(Data segment begins)

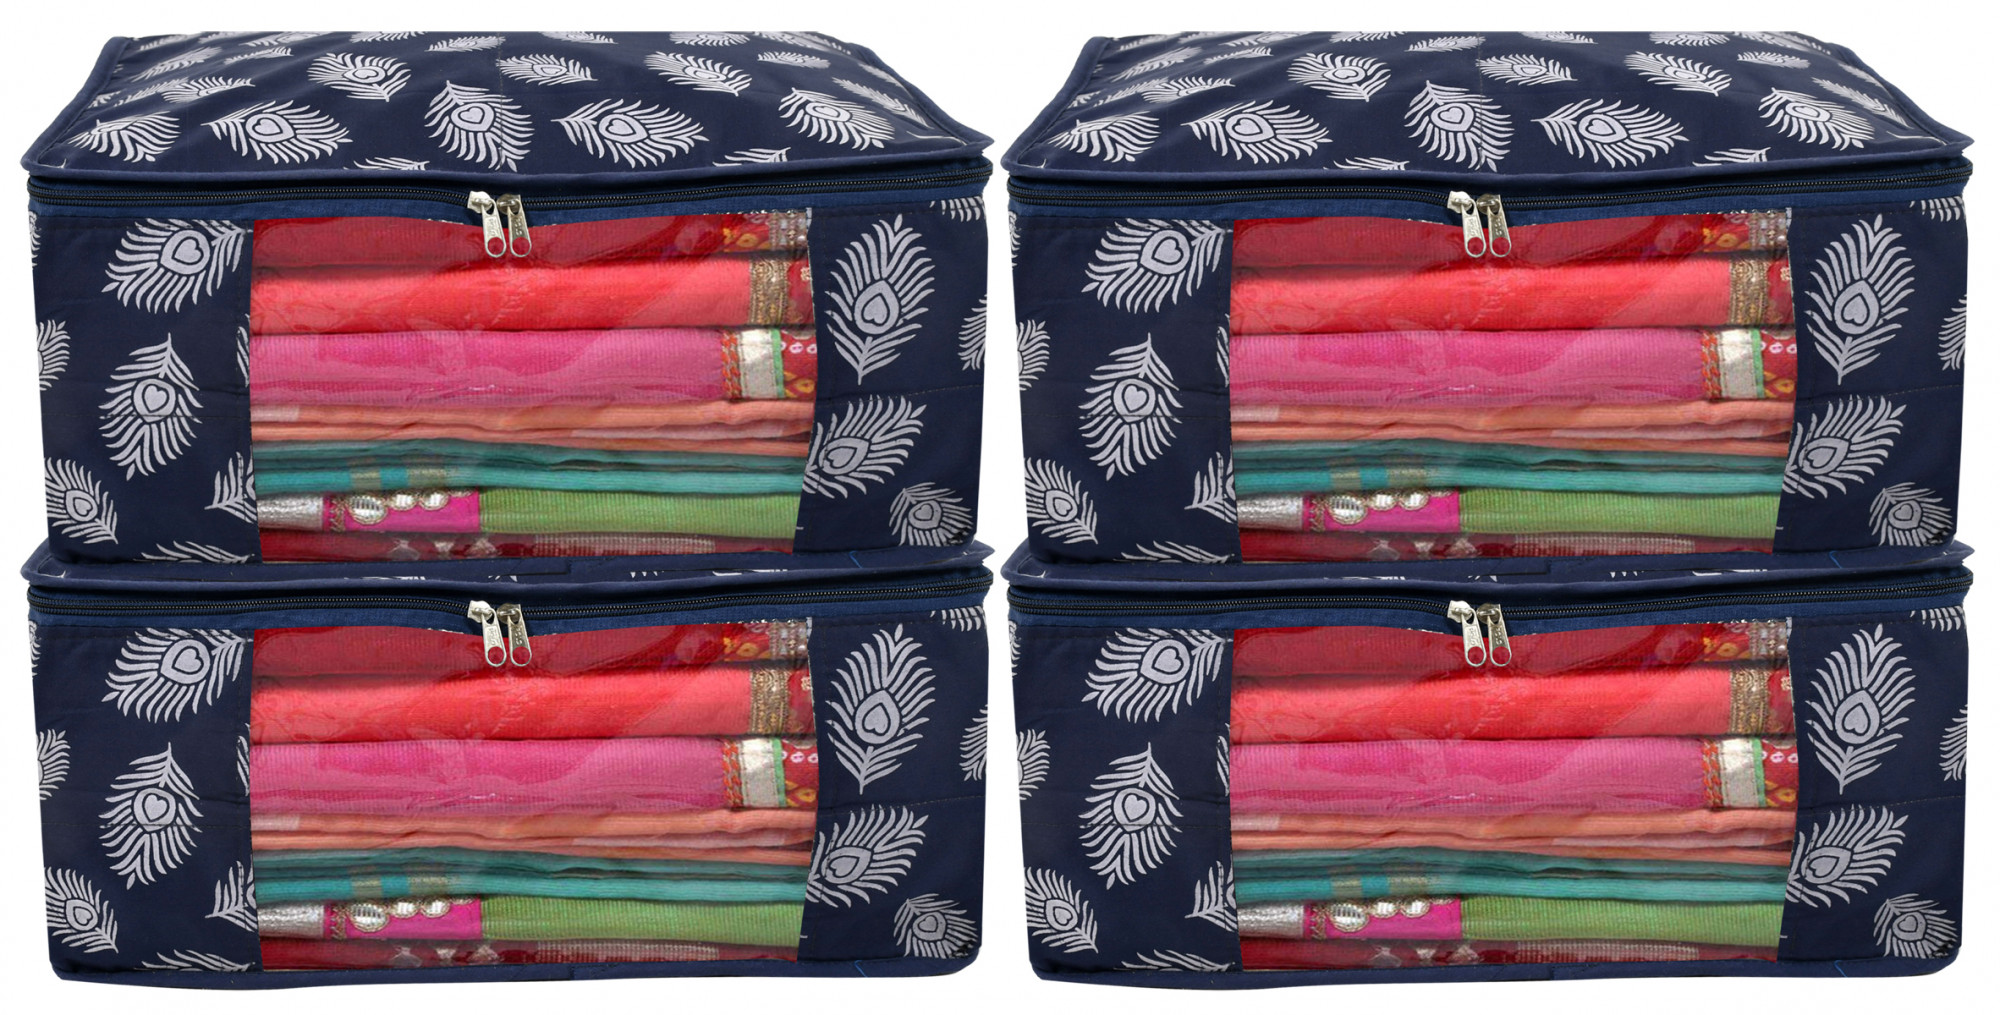 Kuber Industries Leaf Printed Saree Cover/Clothes Organiser For Wardrobe With Transparent Window,(Navy Blue)
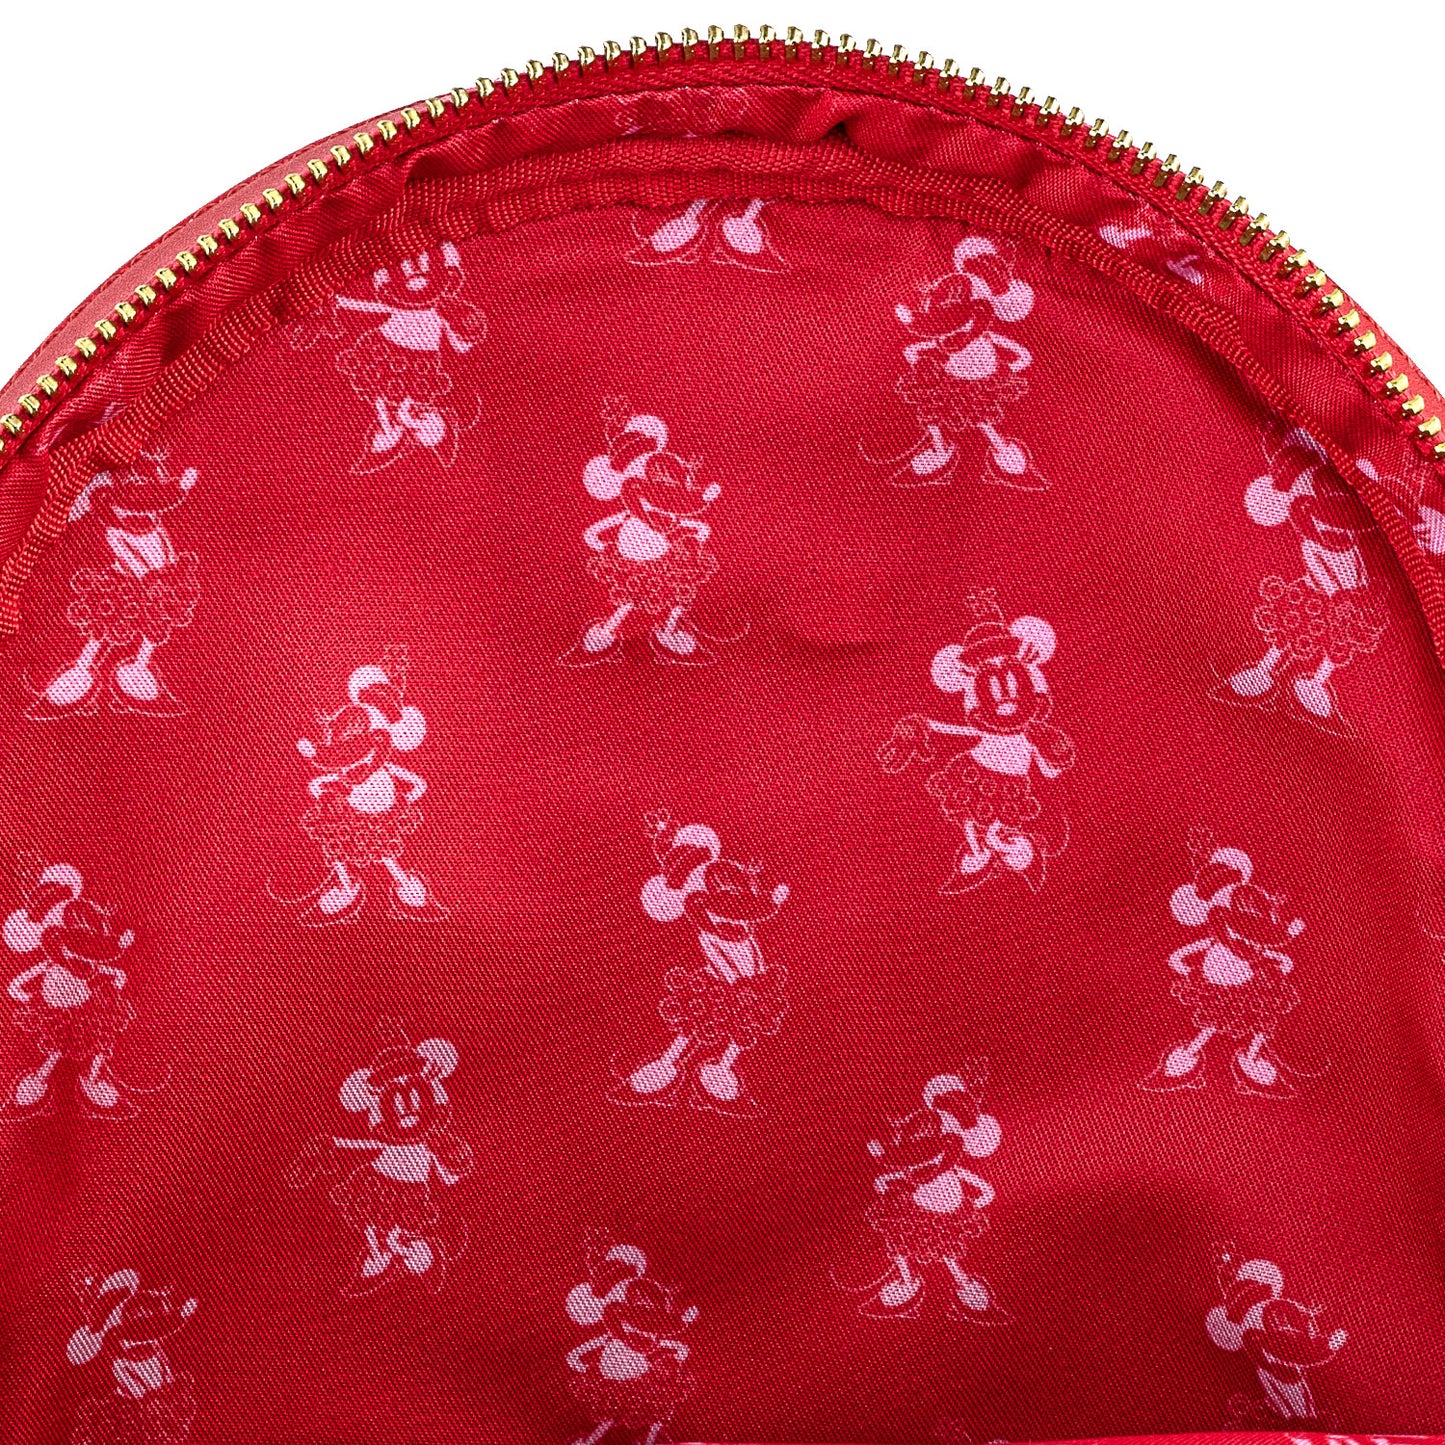 Loungefly x Disney Minnie Mouse Pink & Red Polka Dot Bow Mini Backpack
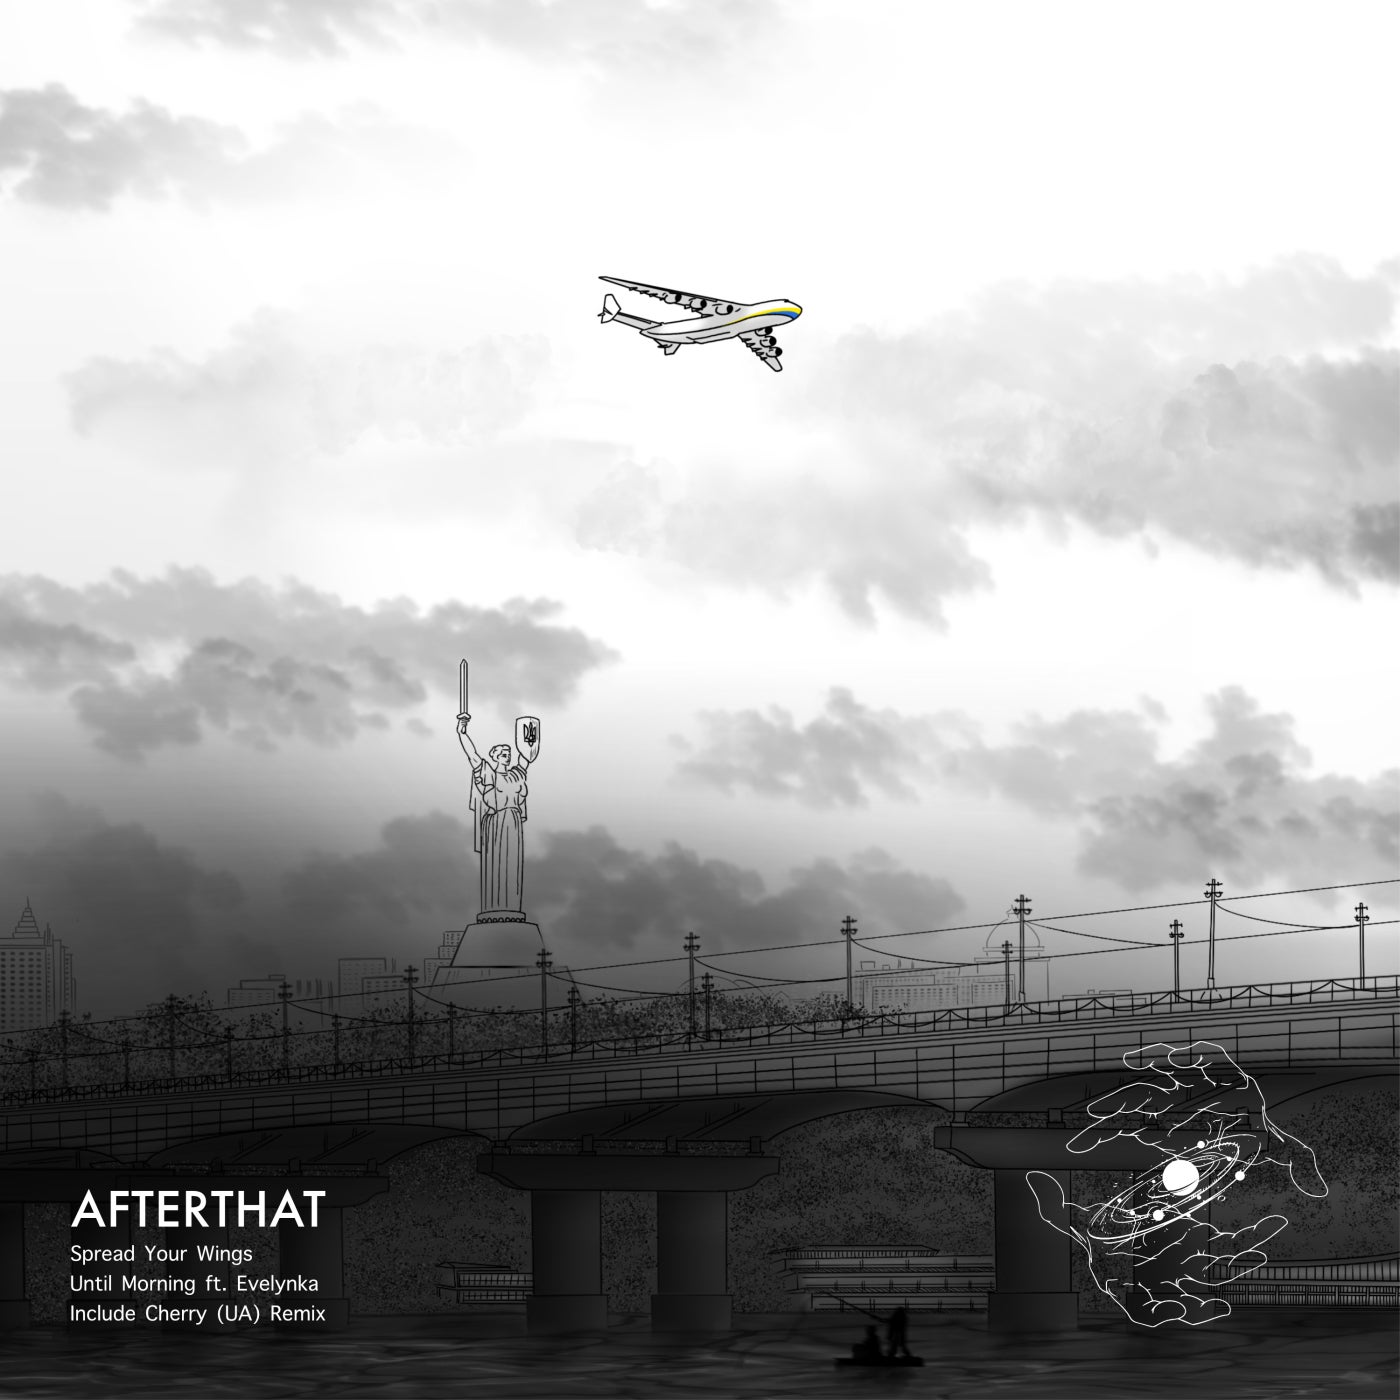 Evelynka, Afterthat - Until Morning (Cherry (UA) Extended Remix)

(Data segment ends)

### Task description
What is needed is an exact copy of the lines from the one with "Loungefly x Disney" through the end of the data above, both included, minus any pictures.

### Expected output
 Loungefly x Disney Minnie Mouse Pink & Red Polka Dot Bow Mini Backpack
 Evelynka, Afterthat - Until Morning (Cherry (UA) Extended Remix)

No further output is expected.